I had run performance test suite on X86 for 10 iterations and below is the output.

{F244234}

Please NOTE - BASELINE is WITH THE PROPOSED PATCH and CURRENT is WITHOUT PATCH.
(I tried alternating the baseline and the current so that current contains the proposed patch.
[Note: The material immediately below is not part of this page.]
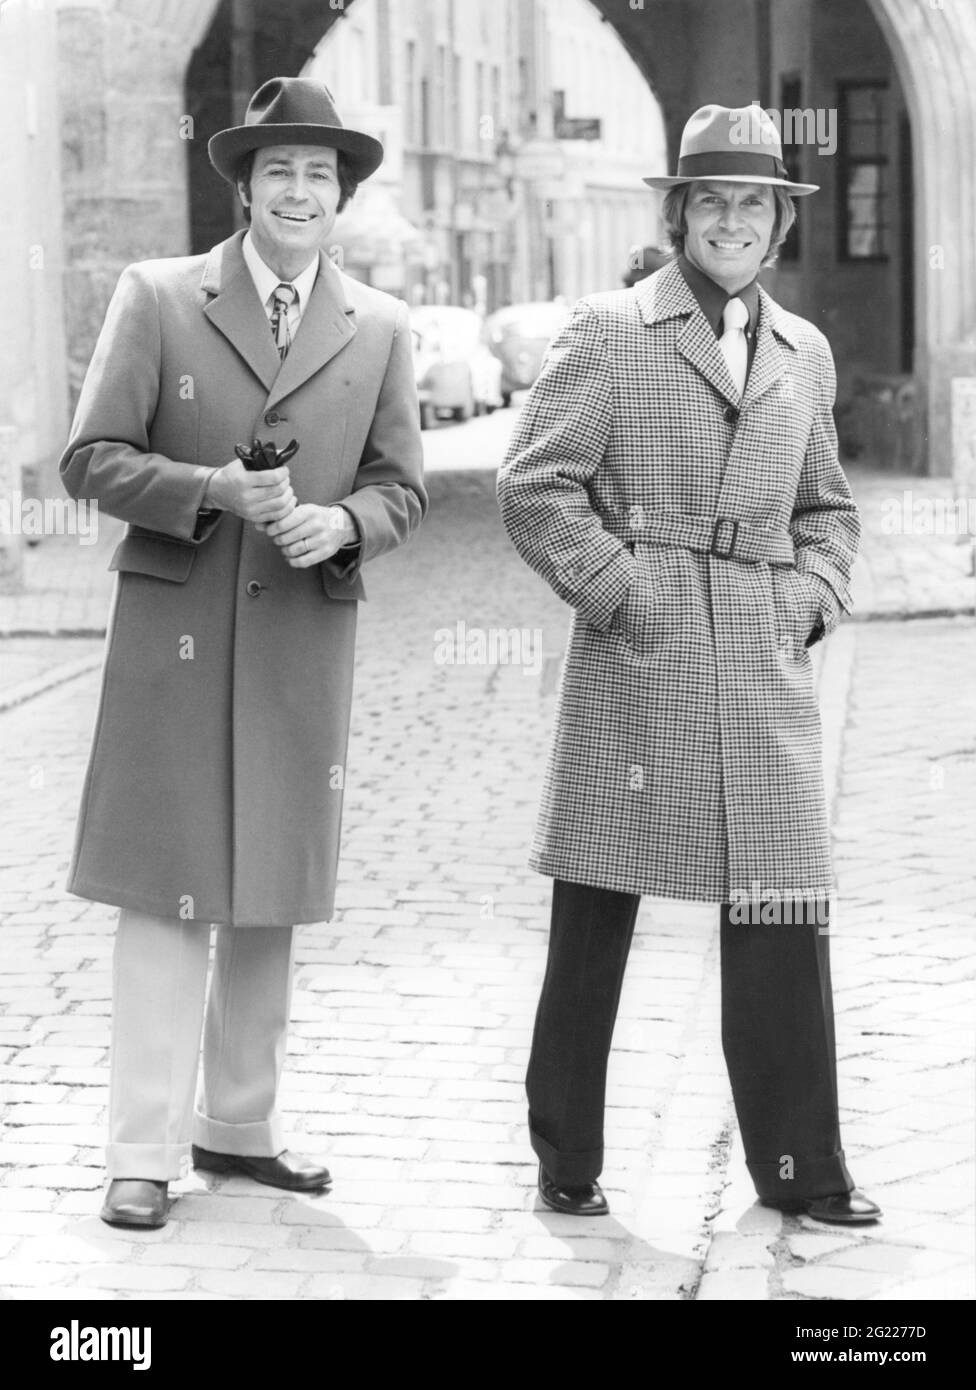 Mode, 70er Jahre, Mäntel, zwei Männer mit Mänteln und Trilbys, ZUSÄTZLICHE-RIGHTS-CLEARANCE-INFO-NOT-AVAILABLE Stockfoto

Strangely, 
 the report always shows baseline to be with the current patch.) There isn't any regression observed.
Test cases marked in RED are improvements, though they are unrelated to the proposed patch.

This code will be re-usable for future improvements in identifying consecutive memory access in same subtree.
That will come in separate patch, unrelated to the objective of this patch.

I tried checking code generated for smaller than 32-bit type for AArch64.

Test Case :

   #include <arm_neon.h>
     short hadd(short * a) {
       return ((a[0] + a[2]) + (a[1] + a[3]));
     }

IR after O1 (without SLP) :

       define i16 @hadd(i16* nocapture readonly %a) #0 {
        entry:
       %0 = load i16* %a, align 2, !tbaa !1
       %conv13 = zext i16 %0 to i32
       %arrayidx1 = getelementptr inbounds i16* %a, i64 2
       %1 = load i16* %arrayidx1, align 2, !tbaa !1
       %conv214 = zext i16 %1 to i32
       %arrayidx3 = getelementptr inbounds i16* %a, i64 1
       %2 = load i16* %arrayidx3, align 2, !tbaa !1
       %conv415 = zext i16 %2 to i32
       %arrayidx5 = getelementptr inbounds i16* %a, i64 3
       %3 = load i16* %arrayidx5, align 2, !tbaa !1
       %conv616 = zext i16 %3 to i32
       %add7 = add nuw nsw i32 %conv214, %conv13
       %add = add nuw nsw i32 %add7, %conv415
       %add8 = add nuw nsw i32 %add, %conv616
       %conv9 = trunc i32 %add8 to i16
       ret i16 %conv9
     }

Since we are doing extension-truncation operations here, current patch does not vectorize it.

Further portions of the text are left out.